For the women’s team in particular the idea made a lot of sense, at least in theory. There were far, far fewer women rowing than men but also a disproportionately larger number of clubs (if you consider the number of members per club) because there was no one-to-one mapping between clubs and boathouses or even boats; a single boathouse could house many clubs, as was the case with Green’s Boathouse at Barnes Bridge where Barnes Ladies ARC was based, where boats often belonged to the boathouse operator and were just rented by the hour to the different clubs.
When the plan to put together the composite eight was announced, Dorothea remembers, “People said, ‘Oh why don’t you have a go?’ And I did and it so happened they had another place and we had a trial and I was in!”
Although her crew was selected in the late winter, it didn’t get any side-by side race practice as there were no women’s eights regattas by the time they were felt to be ready to race. Out of the five eights in the event at Women’s European Rowing Championships, which were raced over just four lanes because of the low numbers of entries, the GB crew was the one not to make the final.

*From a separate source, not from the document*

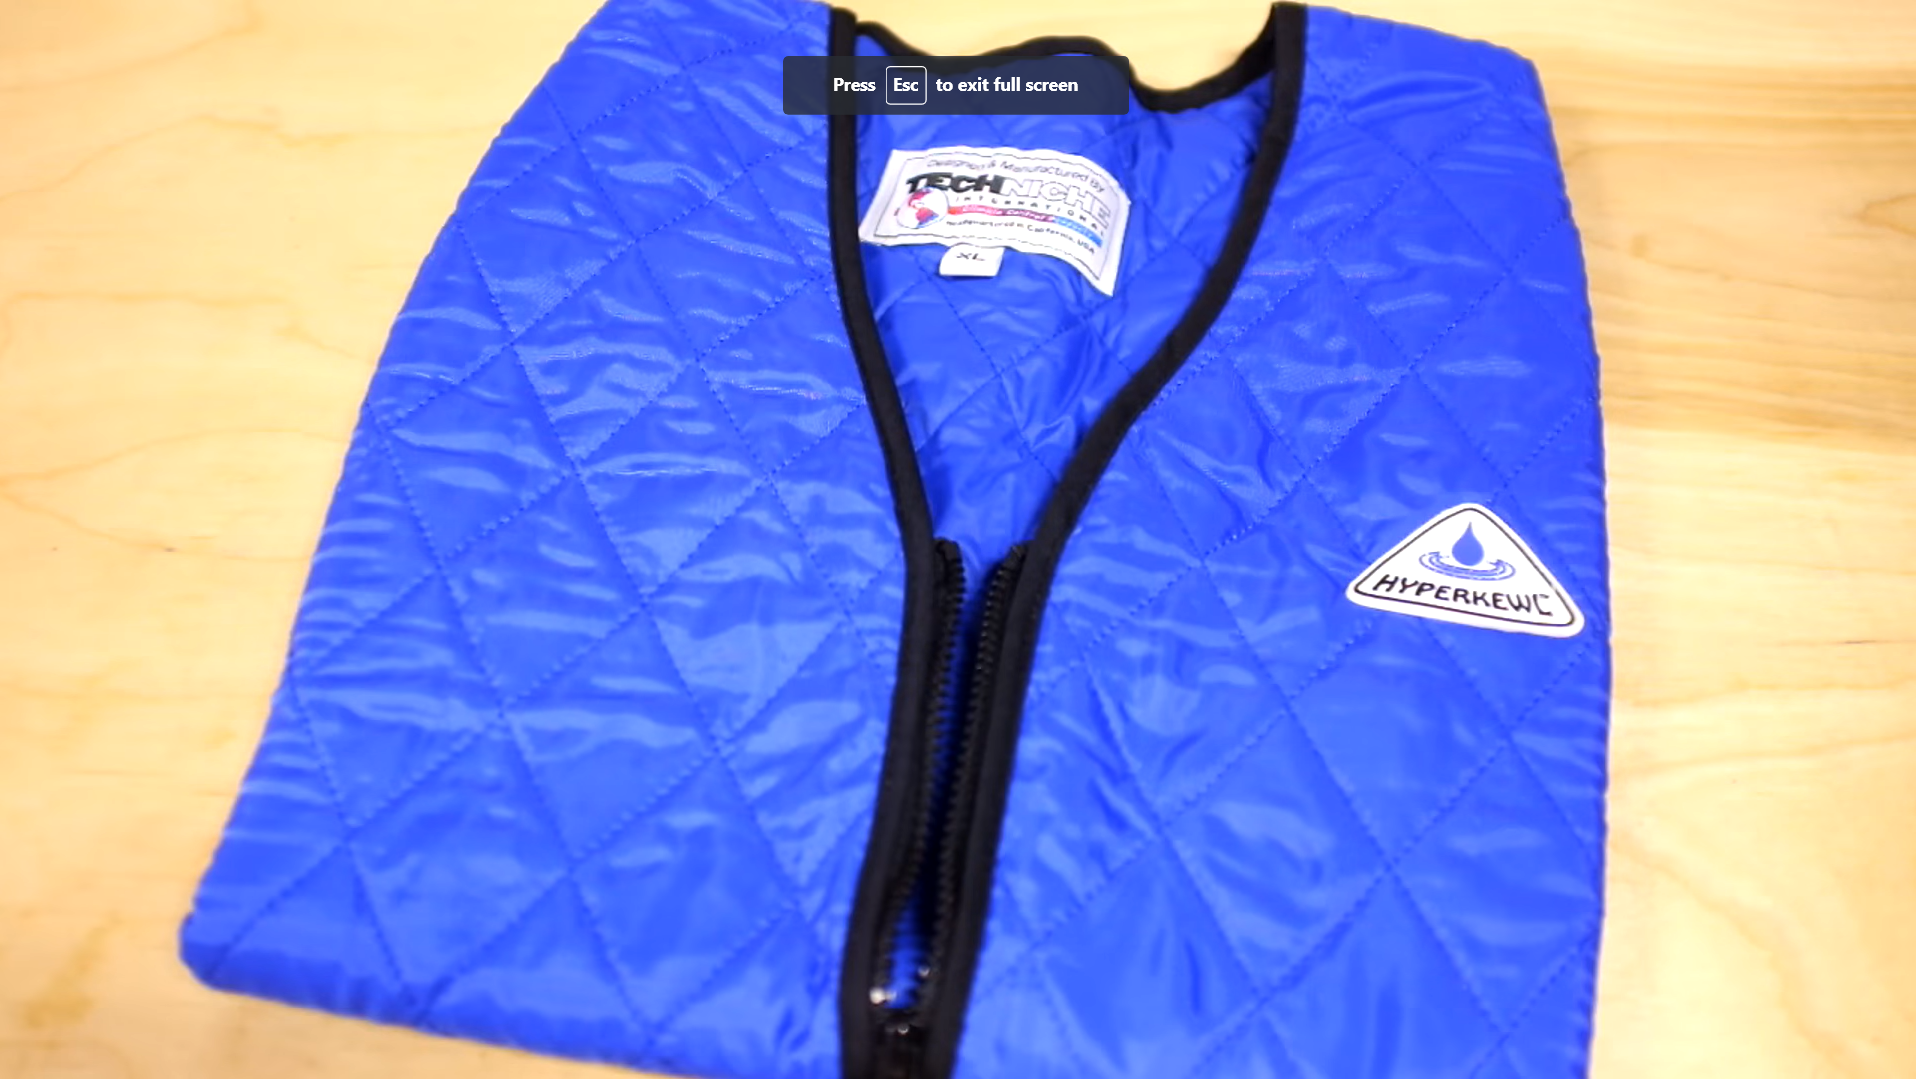 Evaporative cooling vest

After the 1954 Championships, encouraged by Pam Barber who had been the single sculler and was also a Barnes Ladies member, Dorothea left Barnes Lades and joined the United Universities Women’s BC (stern pair of the 1954 eight were from UU) as they had become the ambitious women’s club who were boating serious eights when Barnes Ladies just weren’t. She remained a loyal UU member for the rest of her rowing career, transferring to Thames RC when the club merged with them in 1973.
Dorothea stroked the UU eight that was selected as a club crew to be the GB eight at the 1957 Women’s European Rowing Championships (the idea of a composite having been abandoned by this point because although it theoretically produces a better crew, the logistics involved in doing so outweighed the advantages). This time they did a lot of racing in preparation although this was mostly only against domestic opposition, but they scored a pleasing win against a Dutch club crew at the Serpentine Regatta.
Everything was looking much more promising until they set off for the Championships which were in Duisburg in Germany. During the course of a long boat and train journey, Frances Bigg, probably the strongest member of the crew, became unwell and retired to bed with flu-like symptoms as soon as they arrived. In fact, it wasn’t flu but polio and Dorothea, who had professional experience of working as a physio with polio sufferers as the disease was rife at the time, suspected this. She insisted that Frances was isolated that night, didn’t row in the training outing the next day, and was taken straight to a doctor, who confirmed her diagnosis. Exercising can increase the chances that the sufferer is severely paralysed, and although Frances suffered from some issues with her hands, she was able to resume her career as an orthodontist, which almost certainly wouldn’t have been the case without Dorothea’s expertise and quick thinking.
With a sub in the crew, and only four entries in the event, the GB eight sadly finished last once again.
Dorothea really relished the opportunities that both the 1954 and 1957 Championships afforded to meet women rowers from behind the Iron Curtain. Several of them stayed on at the Duisburg event to watch the men’s racing which followed the women’s competition, and were joined in their houseboat accommodation by the Hungarian sculler Cornelia Pap. Somehow evading Pap’s minders, Dorothea then managed to get Pap back to Britain with her for a weekend at her family’s cottage in Lymington in the New Forest.
Read the full accounts of Dorothea’s international years here:
1954 | 1957
After 1957 Dorothea carried on racing with UU domestically, winning non-status fours at Reading Working Men’s Regatta, women’s fours and eights at the News of the World Serpentine Regatta and the Women’s ARA Fours Head in 1959. She was also on the committee of the Serpentine Regatta, of which she says with the typical casual positivity of high achievers, “It was fun – we had lunch with the committee then raced!”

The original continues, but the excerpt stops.